I got tapped today. OK, this in itself isn’t remarkable; I’m lighter than most of my training partners as well as less skilful than some, and while my defensive game is not too shabby, I am not unused submitting. Let me rephrase. I got RNC’d by a white belt today. Last year or even a few months ago this would’ve really brought me down. I’ve got one stripe on my blue belt and I work really hard to defend my rank against heavier, stronger and/or more experienced players by working my defence and striving (though often unsuccessfully) for the top position/submission opportunity. Recently I’ve been really trying to up my guard game. While I can take guard, for example, from an opponent’s sloppy mount attempt or by transitioning from half-guard I often have trouble ‘closing the deal’ from that position. So, for the past three weeks, on coach’s advice, I’ve been working on ‘guard retention’ and, where that fails, neutralising an opponent’s pass by shifting to knees, ready to re-engage. Over this time period, I’ve been working these techniques in every sparring session and seemed to be making some progress, including at this afternoon’s practice. In my final round of sparring, I made two attempts. The first time my partner got my back but I defended the body triangle with a foot lock; not strictly allowed by competition rules, but I did it really slowly and he’s familiar with the technique and I just couldn’t have someone taking the piss with a technique that works best when one’s not allowed to counter. On my second attempt, my partner took my back swiftly and cleanly and sunk in a super sweet RNC. I was caught, fair and square. Getting tapped trying out my shiny new move highlighted to me that I was missing some crucial aspect and after class I asked coach to run it with me quickly so that I might avoid having the back taken. Next week’s goal is to include this missing component in my attempts.

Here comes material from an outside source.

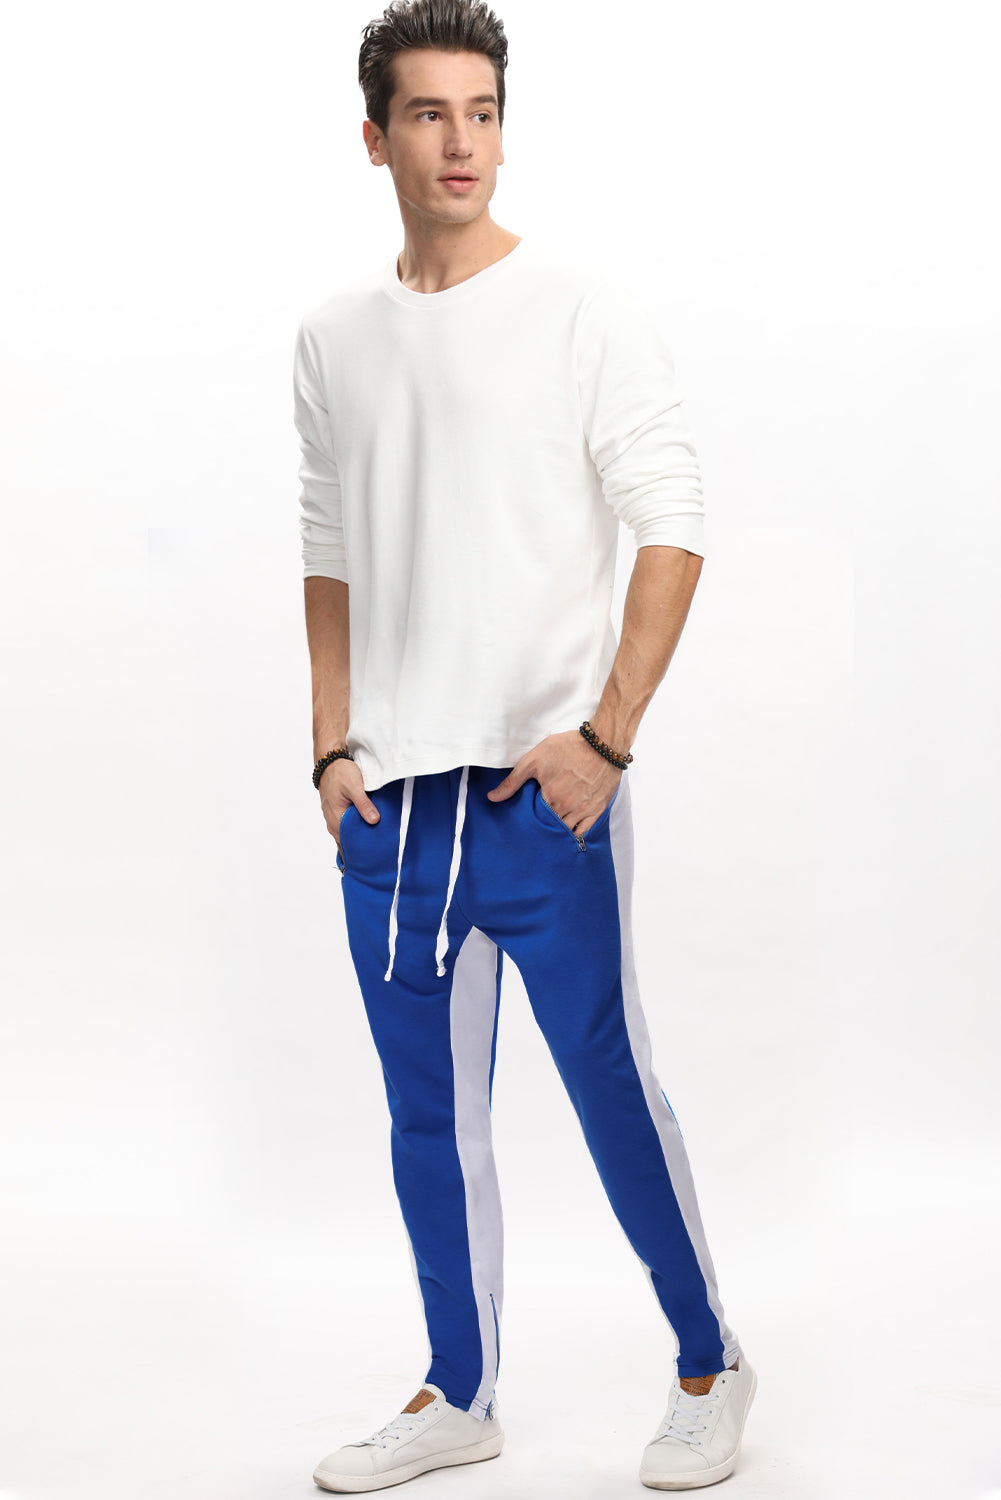 Blue Colorblock Patchwork Zipper Casual Mens Joggers Men's Pants JT's Designer Fashion

Marc Walder, my coach’s instructor and our master BJJ instructor, held at seminar at Dartford BJJ in early March. In addition to some fine technique, Marc’s seminars include discussions of the philosophical approach that he’s used to develop himself as person and as a BJJ player. A lot of what he says seems to boil down to the need to relinquish ego. By doing so, it is possible, for instance, to roll with detachment and therefore adapt to the available positions rather than struggling to hold on to an opportunity that has evaporated. Furthermore, this approach should allow the practitioner to roll without fear, in particular fear of tapping. Of course none of us like to submit, but it is an important part of the learning process and without this very crucial feedback it is difficult to see where our game needs improvement. In this vein, Marc recounted his earlier days on the mats, when he’d be working a new technique into his game, which might lead him to getting caught out, but ultimately allowed him to integrate the new technique and improve. If he’d feared being submitted, he’d not have attempted techniques outside his comfort zone and so never have progressed.
It can be tough to ‘leave your ego at the door’ and it is something I struggle to put into practice everyday, but I feel like today I’ve made some progress. I’m working hard on bringing a new technique into my arsenal and in the course of testing it out I got tapped fair and square. For the first time I didn’t feel bummed out or embarrassed or any other negative stuff, and I was really pleased for my partner as it was some good, clean work on his part. Perhaps this is a green shoot of a maturing sense of self? I’d wager so, but it is also a testament to the supportive group of people I train with. I find myself often getting quite paranoid that I don’t have the respect of some of the men that I train with, and, indeed, recently flew off the handle and accused a training partner of taking the piss (I’ve since apologised and humbly asked forgiveness which has not yet been given, stupid insecurity demon). While I occasionally give in to the fear that I’ve not got the respect of the men I train with, I’m often struck by how much love and respect I do get from my BJJ brothers, and so when I was tapped today I didn’t sweat it; I’m confident my training partner won’t think I’m a chump just because he got the better of me today. Being able to work with people I trust and have a great deal of respect and affection for makes it much easier to give up fear of being tapped and get on with trying to develop myself and my game. So, while I’ve still got miles to go to before reaching anything approximating ‘BJJ excellence’, I know the journey can best be made with a fearless heart.